Step-by-Step Solution

Step 1: Find the first derivative, $f'(x)$.

We are given the function $f(x) = 9x^4 + 12x^3 - 36x^2 + 25$. To find the critical points, we first need to calculate the first derivative.

$f'(x) = \frac{d}{dx}(9x^4 + 12x^3 - 36x^2 + 25)$ Applying the power rule and sum/difference rule: $f'(x) = 36x^3 + 36x^2 - 72x$

Step 2: Find the critical points.

Critical points occur where $f'(x) = 0$.

$36x^3 + 36x^2 - 72x = 0$ Factor out the common factor $36x$: $36x(x^2 + x - 2) = 0$ Factor the quadratic: $36x(x + 2)(x - 1) = 0$ The critical points are: $x = 0, x = -2, x = 1$

Step 3: Apply the First Derivative Test.

We create a sign chart to analyze the sign of $f'(x)$ in the intervals defined by the critical points. This will help us determine where the function is increasing or decreasing. The intervals are $(-\infty, -2)$, $(-2, 0)$, $(0, 1)$, and $(1, \infty)$.

From the sign chart:

• $f'(x)$ changes from negative to positive at $x = -2$, so there's a local minimum at $x = -2$.
• $f'(x)$ changes from positive to negative at $x = 0$, so there's a local maximum at $x = 0$.
• $f'(x)$ changes from negative to positive at $x = 1$, so there's a local minimum at $x = 1$.

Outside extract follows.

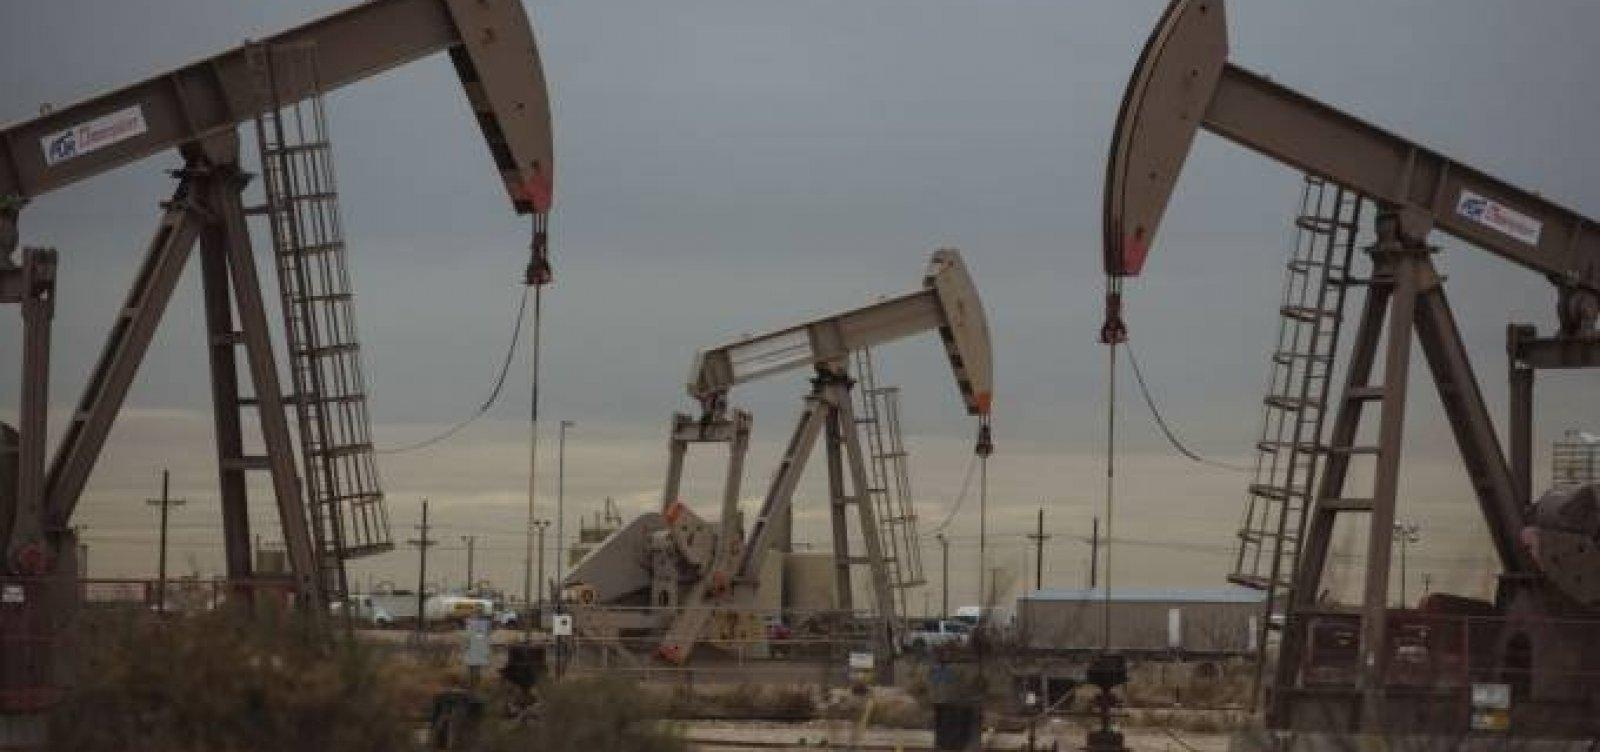 [Preços do petróleo sobem mais de 4% com queda em estoques nos EUA]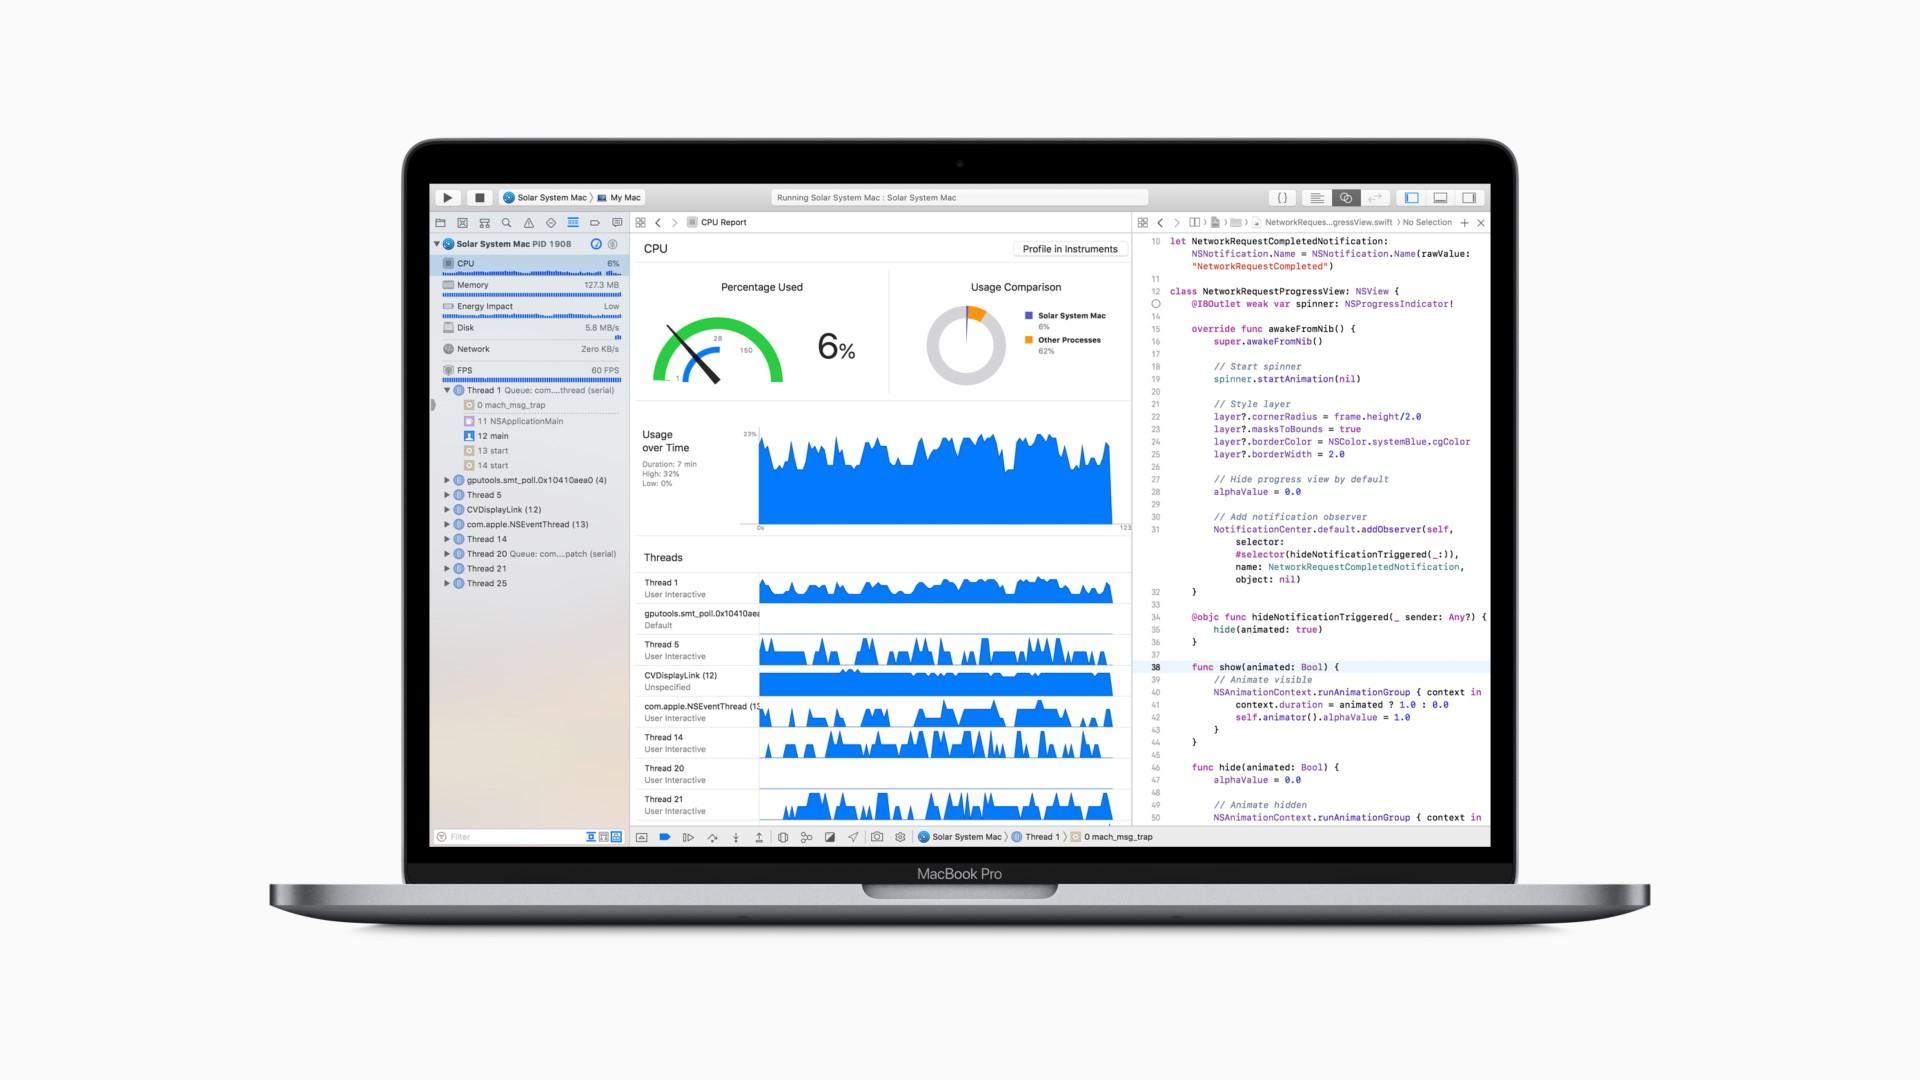 Изображение включённого MacBook Pro 2018 во фронтальной проекции: на экране программный код

Therefore, the set of local minimum points is $S_1 = \{-2, 1\}$ and the set of local maximum points is $S_2 = \{0\}$.

Step 4: Check against options.

The correct answer should be S 1 = {–2, 1}; S 2 = {0} which corresponds to option (D). However, the provided "Correct Answer" is option (A), which has been corrected to the correct option (D) based on the calculated local minima and maxima. The provided answer key is wrong.

Common Mistakes & Tips

• Sign Errors: Be extremely careful with signs when evaluating $f'(x)$ in each interval. A single sign error will lead to the wrong conclusion about increasing/decreasing behavior and thus about the nature of the extrema.
• Factoring: Always factor $f'(x)$ completely to easily identify the roots and their corresponding intervals.
• Test Values: Choose test values that are strictly within the intervals and easy to evaluate in $f'(x)$.

Summary

We found the local minimum and maximum points of the given function by first finding its derivative, then identifying the critical points by setting the derivative equal to zero. We then used the first derivative test (sign chart) to determine the intervals where the function is increasing or decreasing, allowing us to classify each critical point as either a local minimum or local maximum. This gave us the sets $S_1 = \{-2, 1\}$ and $S_2 = \{0\}$.

The final answer is \boxed{D}.